Reservation, commit, and release APIs must be idempotent, because order and payment systems may retry calls.


5️⃣ Data Model


Inventory Balance Table

inventory_balance (
  sku_id VARCHAR,
  location_id VARCHAR,
  on_hand INT,
  reserved INT,
  unavailable INT,
  version BIGINT,
  updated_at TIMESTAMP,
  PRIMARY KEY (sku_id, location_id)
)

Inventory Reservation Table

inventory_reservation (
  reservation_id VARCHAR PRIMARY KEY,
  order_id VARCHAR,
  sku_id VARCHAR,
  location_id VARCHAR,
  quantity INT,
  status VARCHAR, -- reserved, committed, released, expired
  expires_at TIMESTAMP,
  idempotency_key VARCHAR,
  created_at TIMESTAMP,
  updated_at TIMESTAMP
)

Inventory Event Table

inventory_event (
  event_id VARCHAR PRIMARY KEY,
  sku_id VARCHAR,
  location_id VARCHAR,
  event_type VARCHAR,
  quantity_delta INT,
  reason VARCHAR,
  reference_id VARCHAR,
  created_at TIMESTAMP,
  metadata JSON
)

Inventory Snapshot Table

inventory_snapshot (
  sku_id VARCHAR,
  location_id VARCHAR,
  available INT,
  updated_at TIMESTAMP,
  PRIMARY KEY (sku_id, location_id)
)

👉 Interview Answer

I would maintain an inventory balance table for current quantities, a reservation table for checkout holds, and an event table for audit history.

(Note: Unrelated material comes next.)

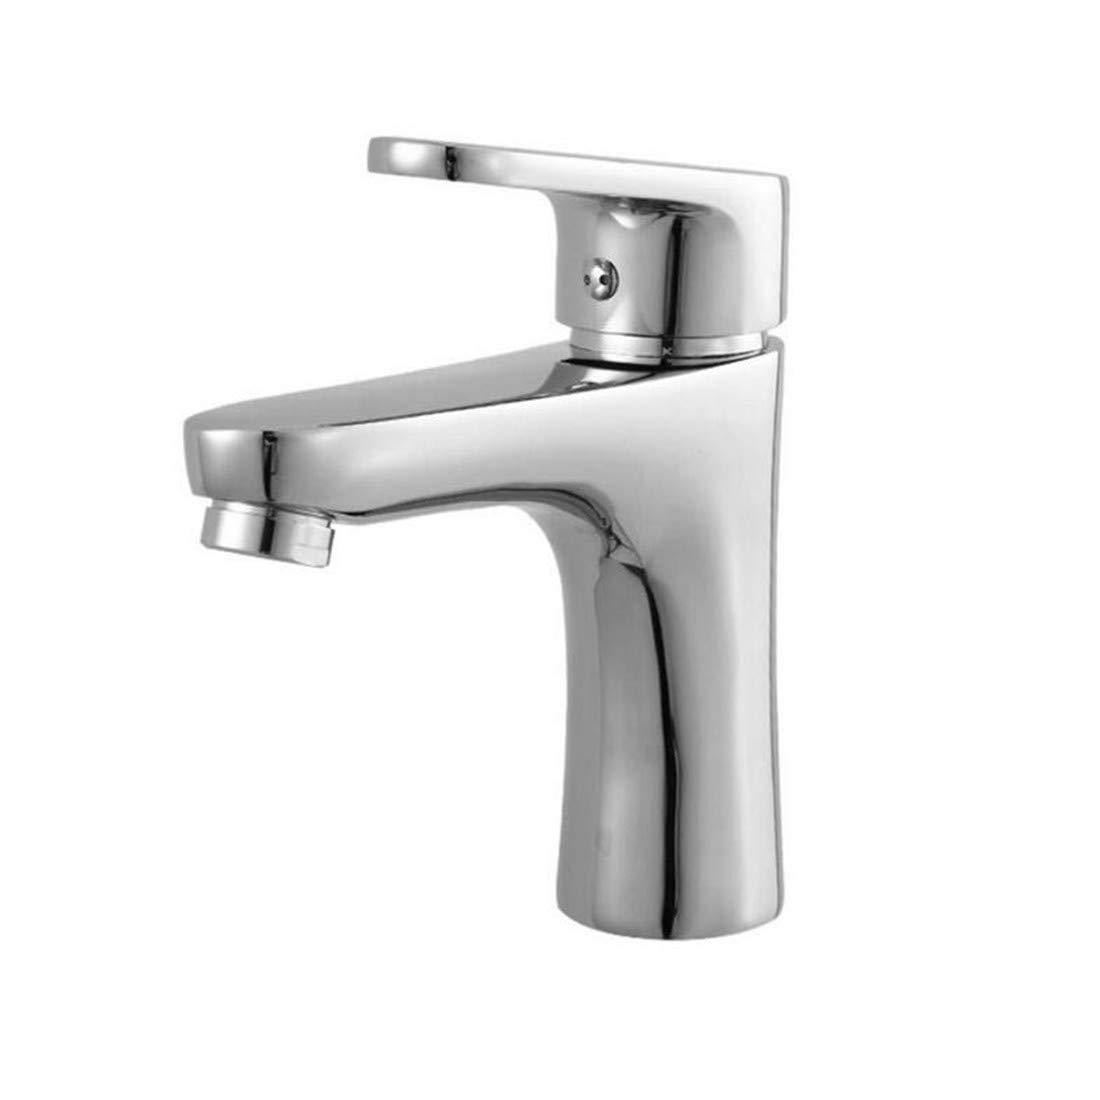 Kitchen Bath Basin Sink Bathroom Taps Kitchen Sink Taps Bathroom Taps Single Hole Basin Hot and Cold Water Faucet Ctzl0824

The event table is important because inventory changes must be explainable, debuggable, and reconcilable.


6️⃣ Reservation Flow


Why Reservation?

During checkout, we do not want to immediately mark inventory as sold.

Instead:

reserve now
commit after payment/order success
release if cancelled or expired

Reservation Flow

User checks out
→ Order service requests reservation
→ Inventory service checks available quantity
→ If enough stock, increase reserved
→ Create reservation record with TTL
→ Return success

Atomic Condition

Use conditional update:

UPDATE inventory_balance
SET reserved = reserved + 2,
    version = version + 1
WHERE sku_id = 'sku123'
AND location_id = 'wh1'
AND on_hand - reserved - unavailable >= 2;

👉 Interview Answer

I would use a reservation model.

During checkout, the inventory service atomically checks whether enough stock is available and increases the reserved quantity.

This prevents overselling while payment and order confirmation are still in progress.


7️⃣ Commit and Release Flow


Commit Flow

After order/payment success:

Reservation reserved
→ Commit reservation
→ Decrease on_hand
→ Decrease reserved
→ Mark reservation committed
→ Emit inventory committed event

Example:

on_hand = on_hand - quantity
reserved = reserved - quantity

Release Flow

If order is cancelled or payment fails:

Reservation reserved
→ Release reservation
→ Decrease reserved
→ Mark reservation released
→ Emit inventory released event

Expiration Flow

If reservation expires:

Reservation expires
→ Background worker releases it
→ Reserved stock becomes available again

👉 Interview Answer

After payment succeeds, the reservation should be committed, which reduces both on-hand and reserved inventory.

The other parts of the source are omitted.